_Directions_
Your copy should hold the lines below from the first through the one that contains "Travis Scott Denies", each retyped exactly, and no pictures.

_Source data_
● ● ● ● ● ● ●

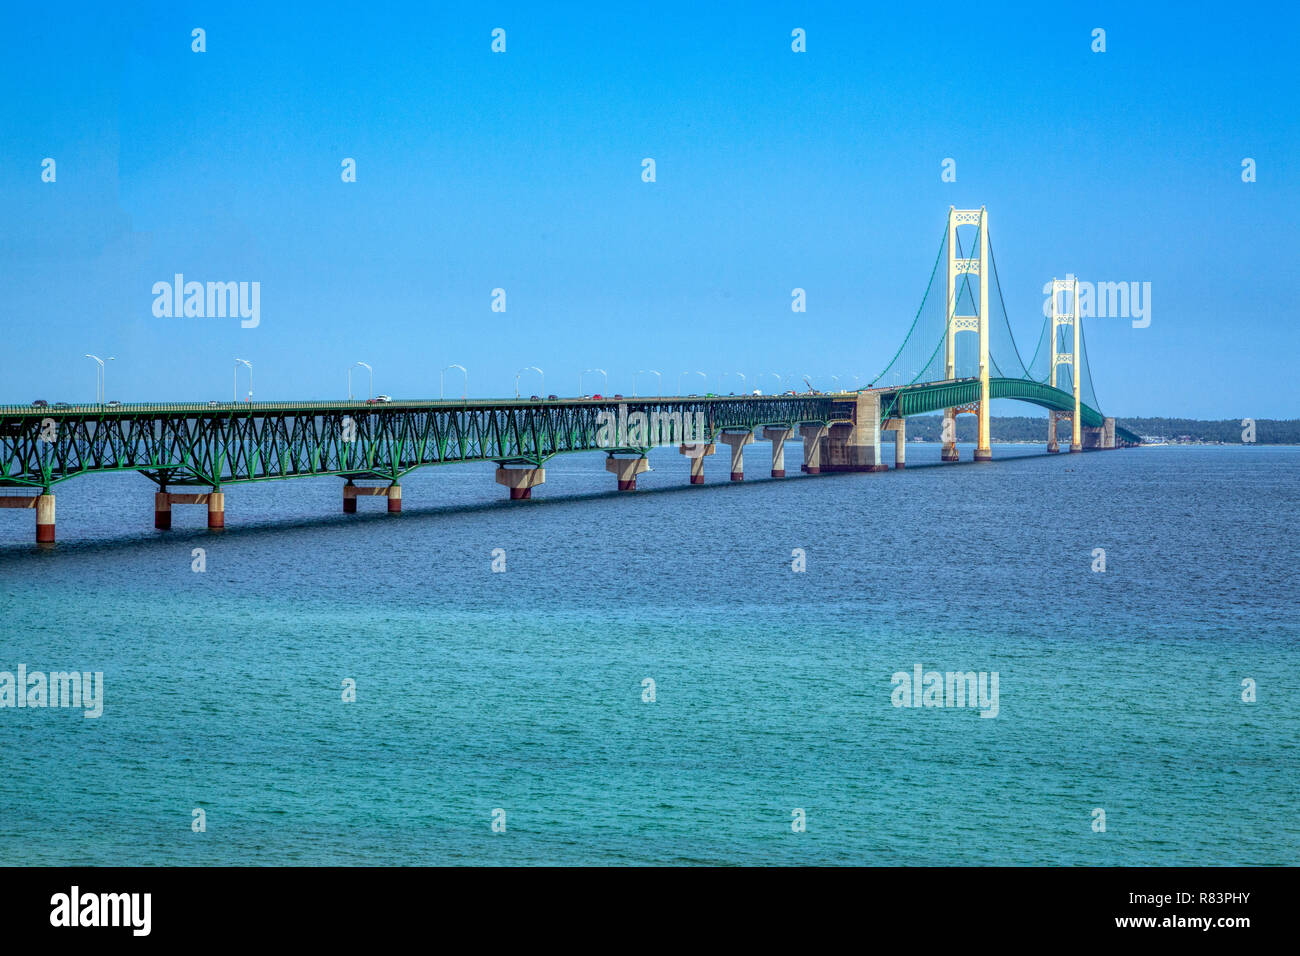 The Mackinac Bridge, opened in 1957, spans the Straits of Mackinac to connect Michigan's upper and lower peninsulas. Stock Photo
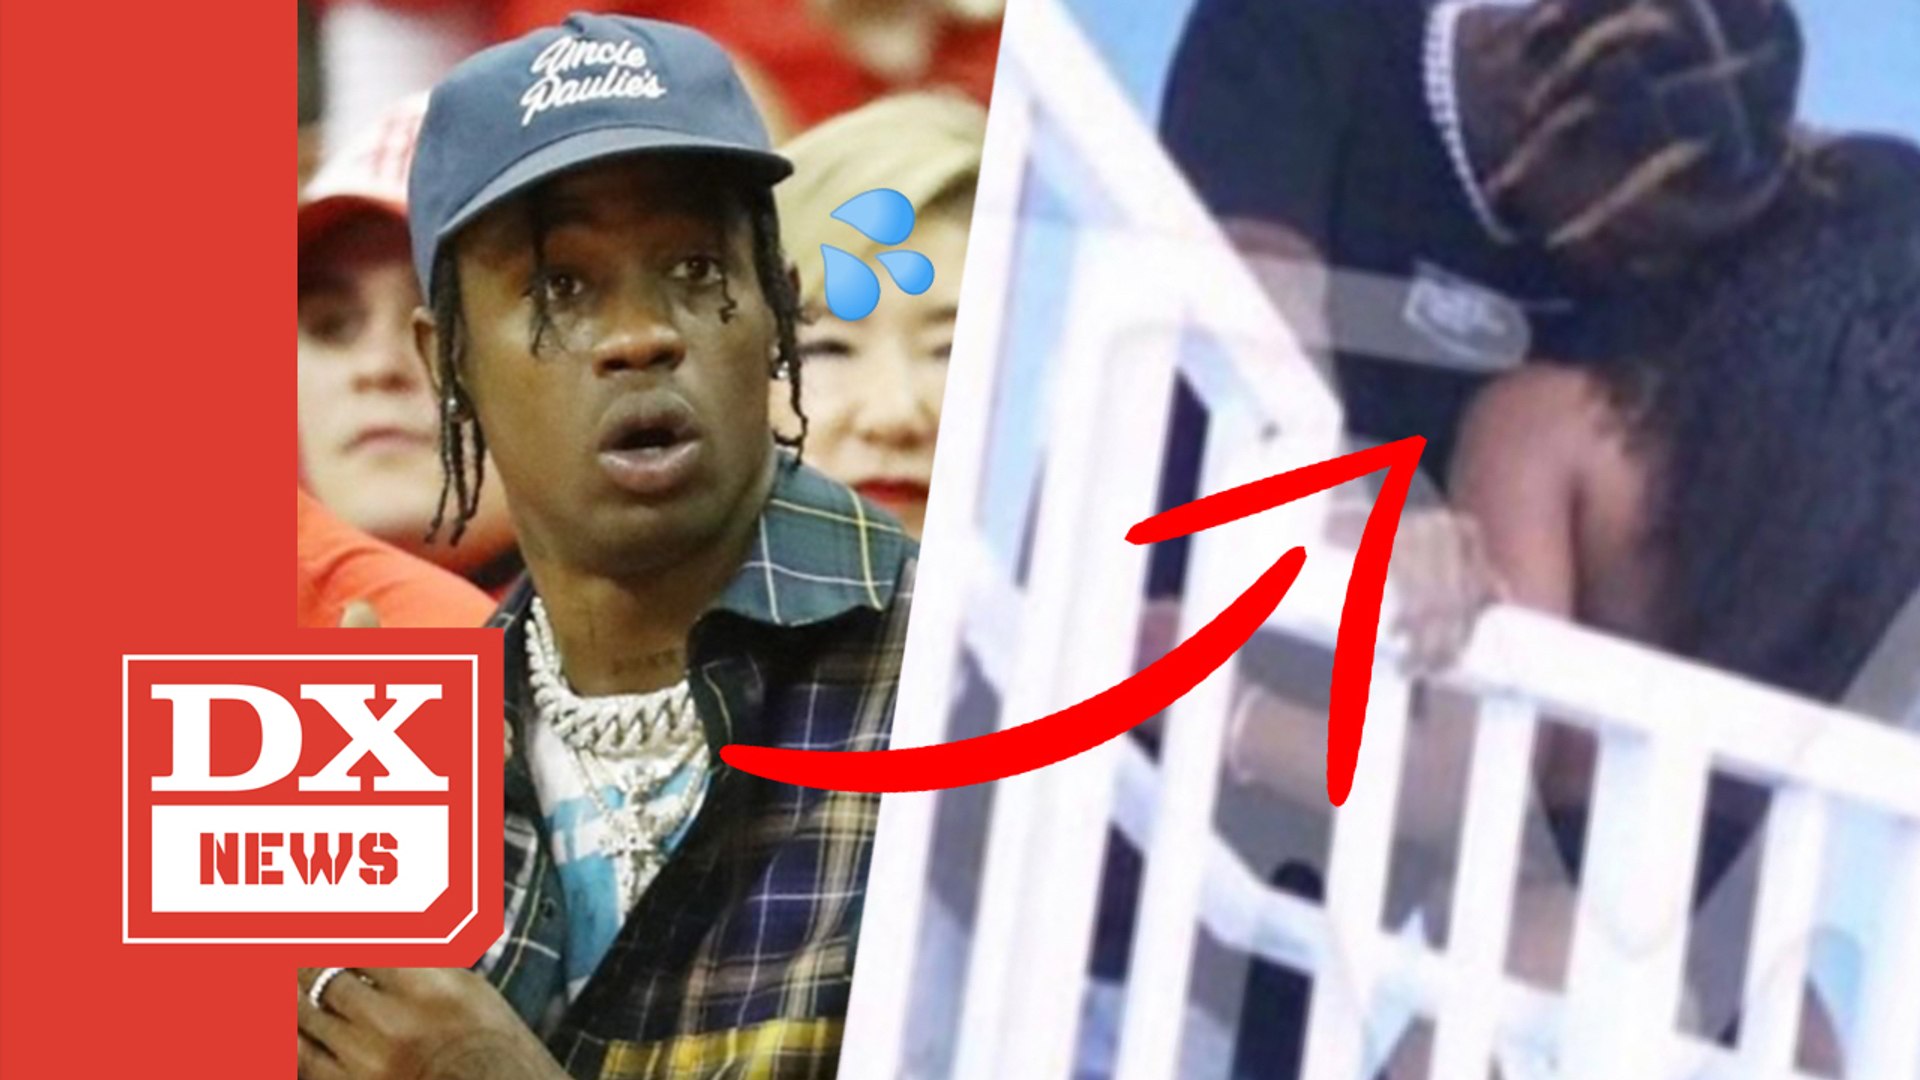 Travis Scott Denies Cheating On Kylie Jenner After Questionable Photo Surfaces
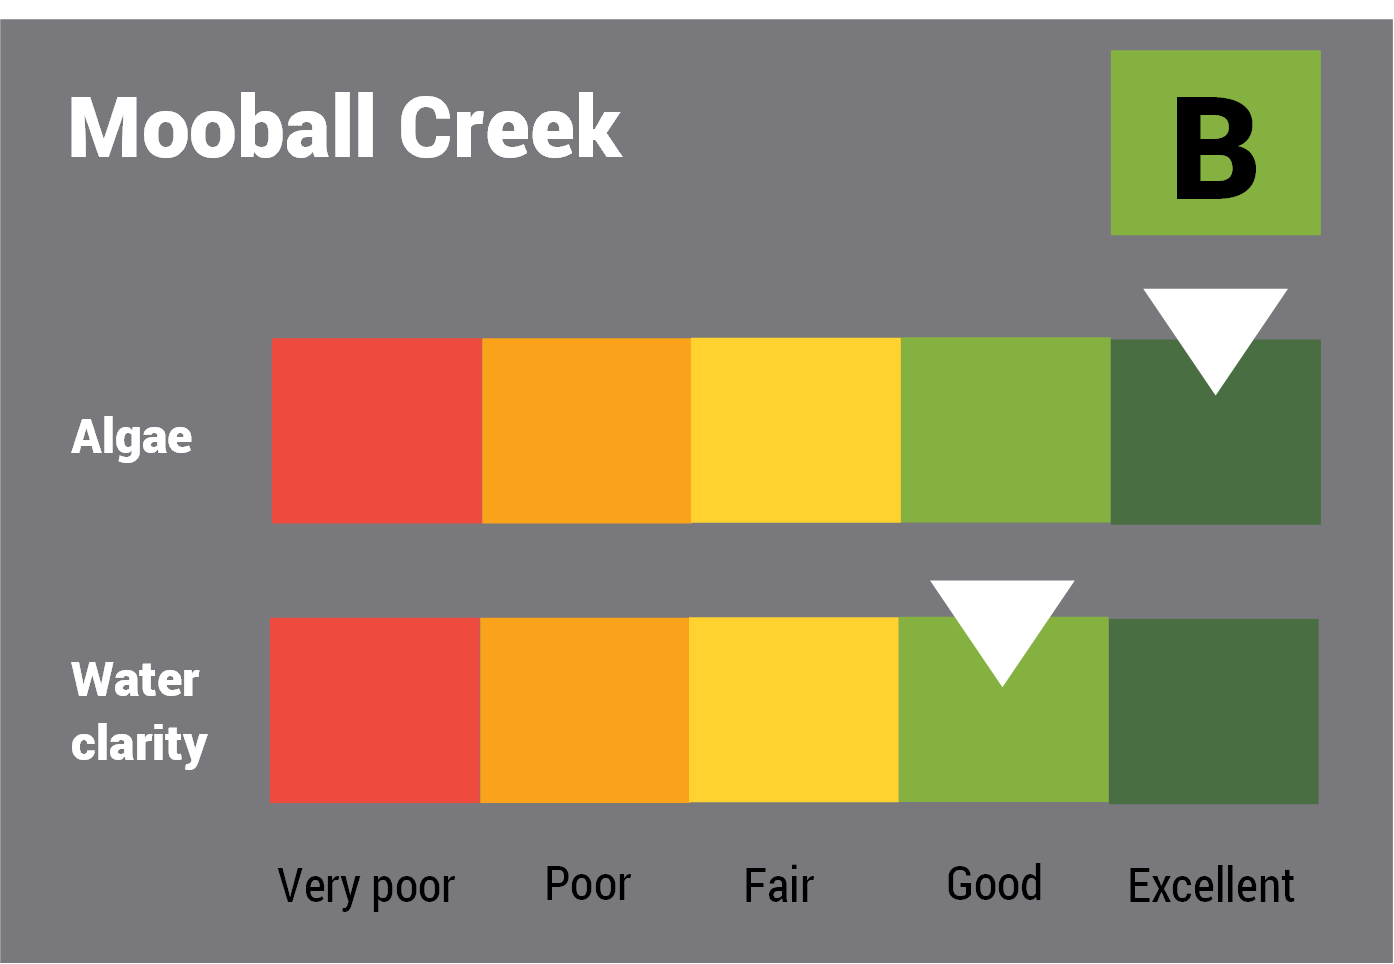 Mooball Creek water quality report card for algae and water clarity showing colour-coded ratings (red, orange, yellow, light green and dark green, which represent very poor, poor, fair, good and excellent, respectively). Algae is rated 'good' and water clarity is rated 'good' giving an overall rating of 'good' or 'B'.

● ● ● ● ● ● ●

_Expected output_
 The Mackinac Bridge, opened in 1957, spans the Straits of Mackinac to connect Michigan's upper and lower peninsulas. Stock Photo
 Travis Scott Denies Cheating On Kylie Jenner After Questionable Photo Surfaces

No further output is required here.